_Directions for this task_. Starting with the line that has "勝利したレビュー追い出す銅繊" in the records below and ending with the line that has "Los coloridos edificios", output those lines exactly and nothing more; omit the pictures.

_Supplied material_.
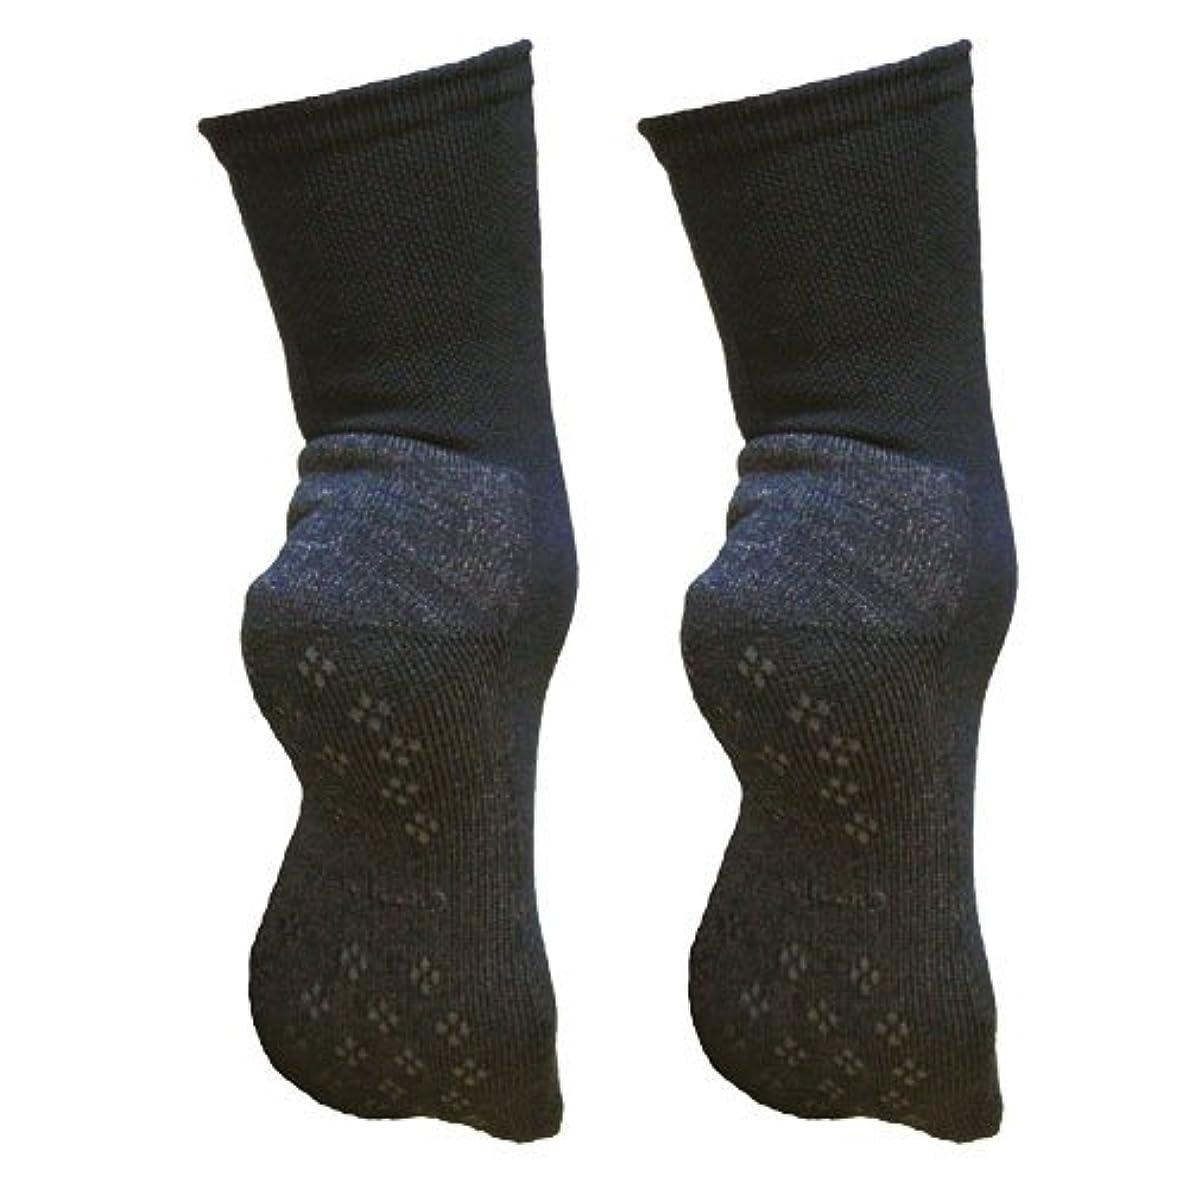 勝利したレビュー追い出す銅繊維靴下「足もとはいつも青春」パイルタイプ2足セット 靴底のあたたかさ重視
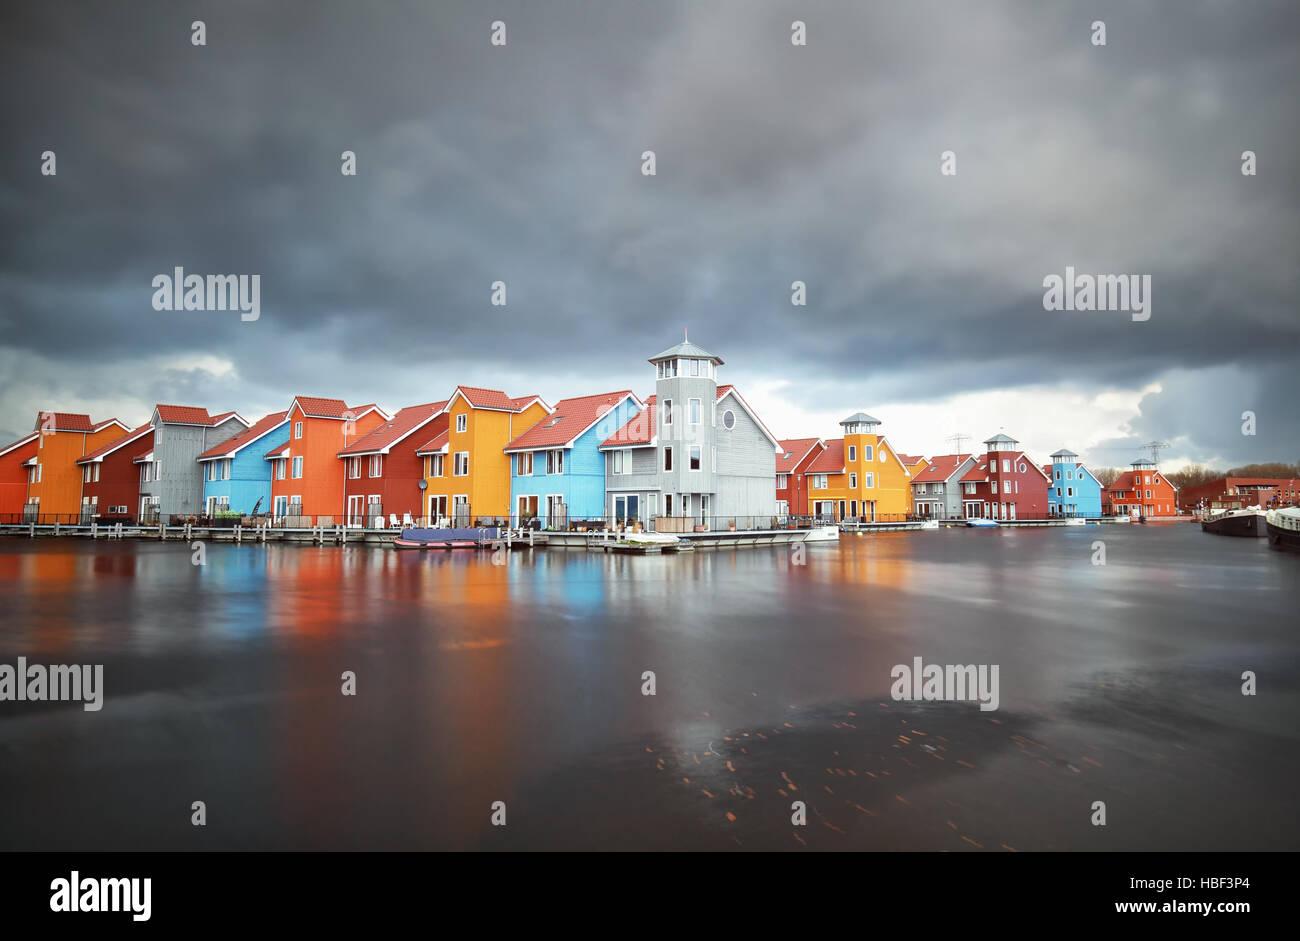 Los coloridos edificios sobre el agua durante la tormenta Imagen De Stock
...
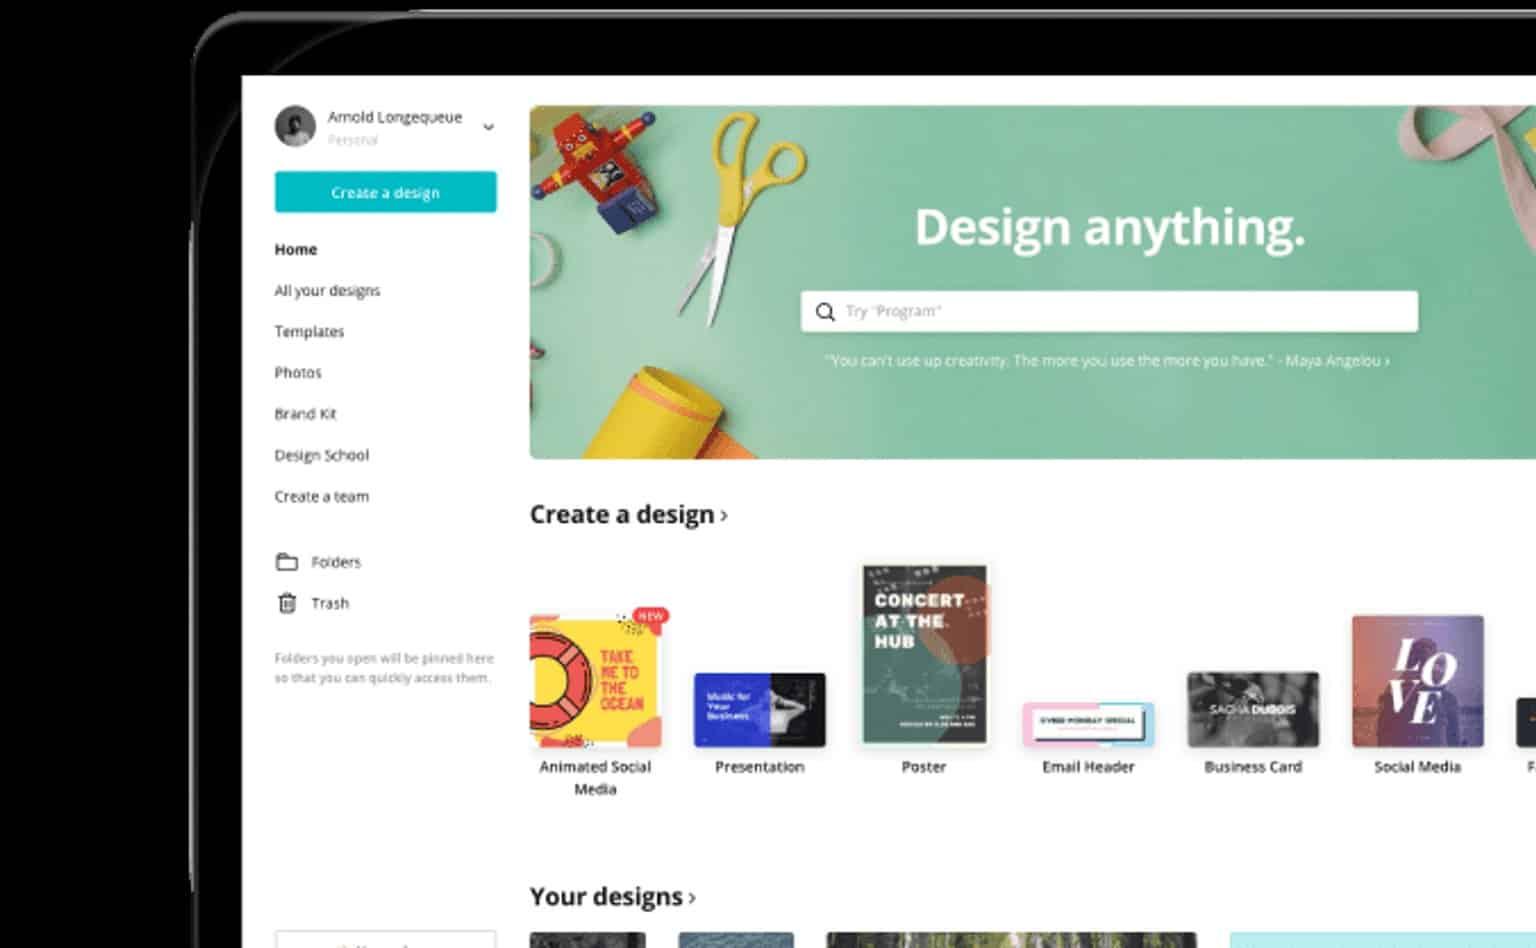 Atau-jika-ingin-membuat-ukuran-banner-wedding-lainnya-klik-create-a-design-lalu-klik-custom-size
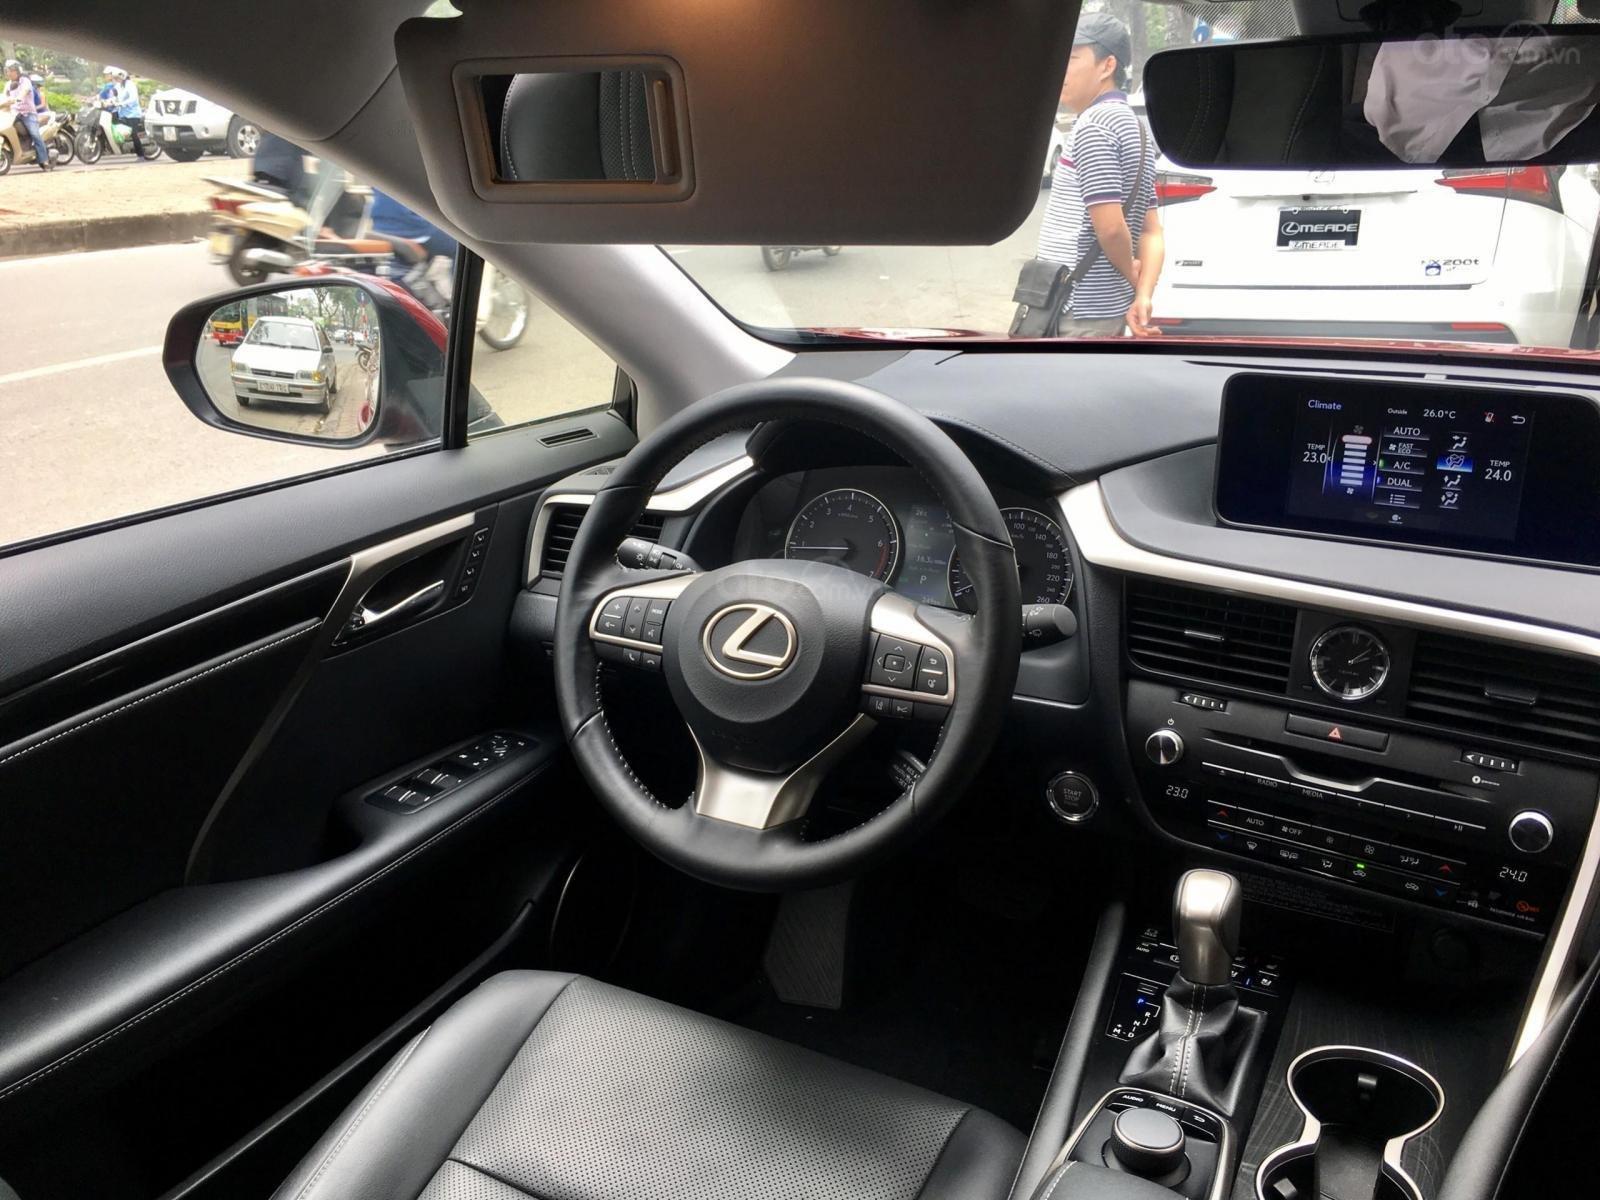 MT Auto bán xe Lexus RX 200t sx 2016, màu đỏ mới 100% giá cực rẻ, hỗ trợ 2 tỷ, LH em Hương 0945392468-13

_Answer_.
 勝利したレビュー追い出す銅繊維靴下「足もとはいつも青春」パイルタイプ2足セット 靴底のあたたかさ重視
 Los coloridos edificios sobre el agua durante la tormenta Imagen De Stock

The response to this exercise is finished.